Ana Gabriel singles chronology
| "Mar y Arena" (1987) | "¡Ay, amor!" (1987) | "Pecado Original" (1988) |

OTI Festival 1987 entry
- Country: Mexico
- Language: Spanish
- Conductor: Chucho Ferrer [es]

Finals performance
- Final result: 3rd

Entry chronology
- ◄ "De color de rosa" (1986)
- "Contigo y con el mundo" (1988) ►

= Ay Amor (Ana Gabriel song) =

"¡Ay, amor!" (English: Oh Love) is a ballad written and performed by Mexican singer-songwriter Ana Gabriel and produced by Mariano Pérez Bautista. It was released as the first single from her third studio album, Pecado Original (1987). It won the 16th Mexican national selection for the OTI Festival, and thus represented Mexico at the OTI Festival 1987, where it placed third. This song became the second to spend 14 consecutive weeks at number one in the Billboard Hot Latin Tracks chart, after "De mí enamórate" by fellow Mexican singer Daniela Romo, being surpassed in the same year by "Qué te pasa" by Yuri when it achieved sixteen weeks at the top of the chart.

"¡Ay, amor!" is also recognized as one of Gabriel's signature songs and has been performed by several singers, including Tino y su Banda Joven, Jannette Chao, Keyla Caballero, Myriam and Yuri.

==Background==
Mexican singer-songwriter Ana Gabriel, after ten years of preparation, received in 1984 the opportunity to participate on the Mexican Festival 'Valores Juveniles', in which she participated as a composer with the song "No me lástimes más", and won second place in the contest.

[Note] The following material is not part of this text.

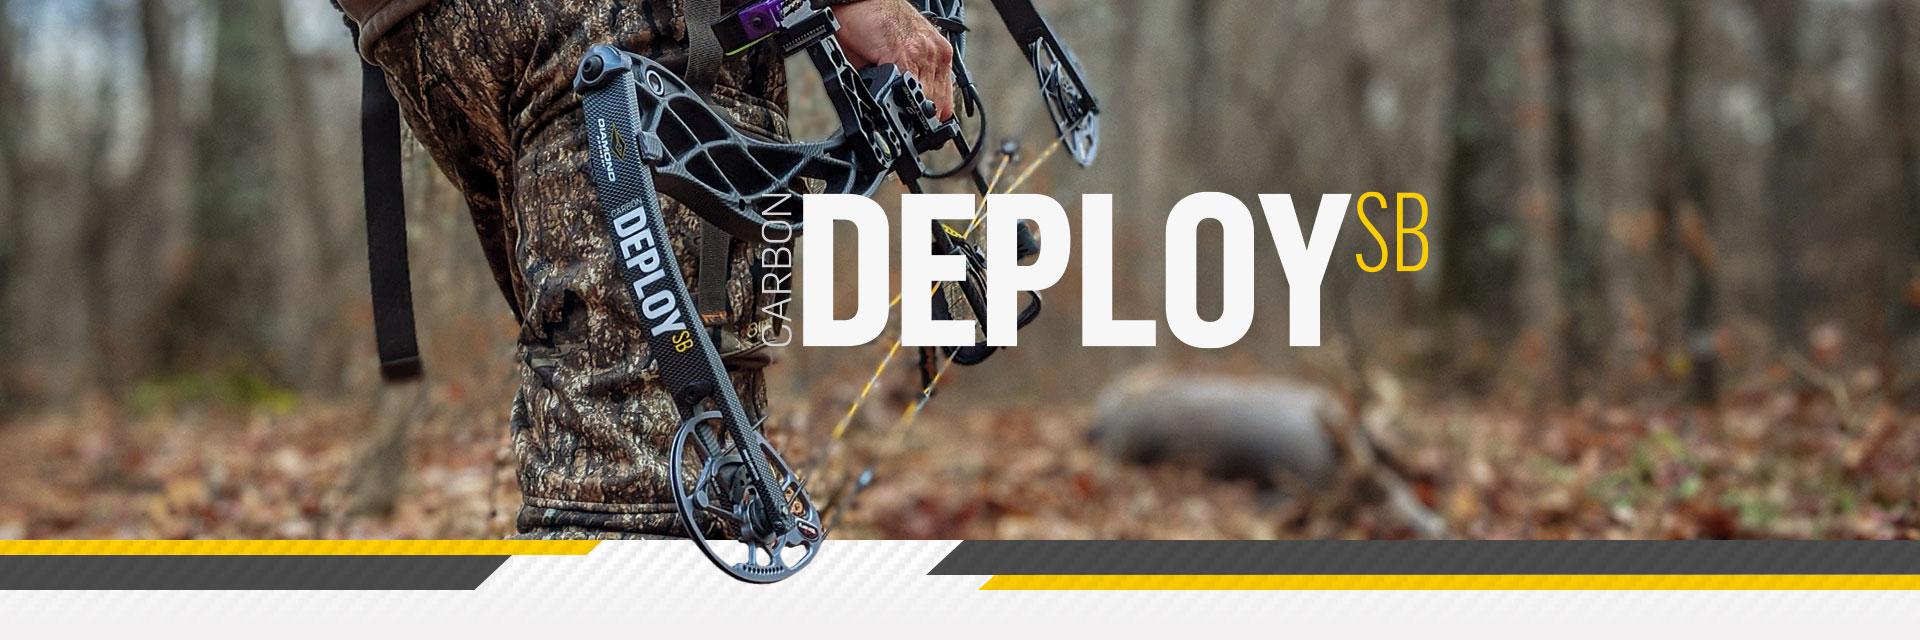 deploy sb lifestyle header image

Following this victory she was called by CBS and was offered an exclusive contract. In 1985, she participated in the 14th Mexican national selection for the OTI Festival with the song "Búscame", which wrote with Tony Flores. That same year she recorded his first album, entitled Un estilo. In 1986, she participated again in the 15th national selection with the song "A tu lado". Finally, in 1987, she won the 16th national selection with the song "¡Ay, amor!", where she also received the Best Female Performer Award, and thus represented Mexico at the OTI Festival 1987, where it ranked third, in a tie with the song "Bravo samurái" by Vicky Larraz which represented Spain.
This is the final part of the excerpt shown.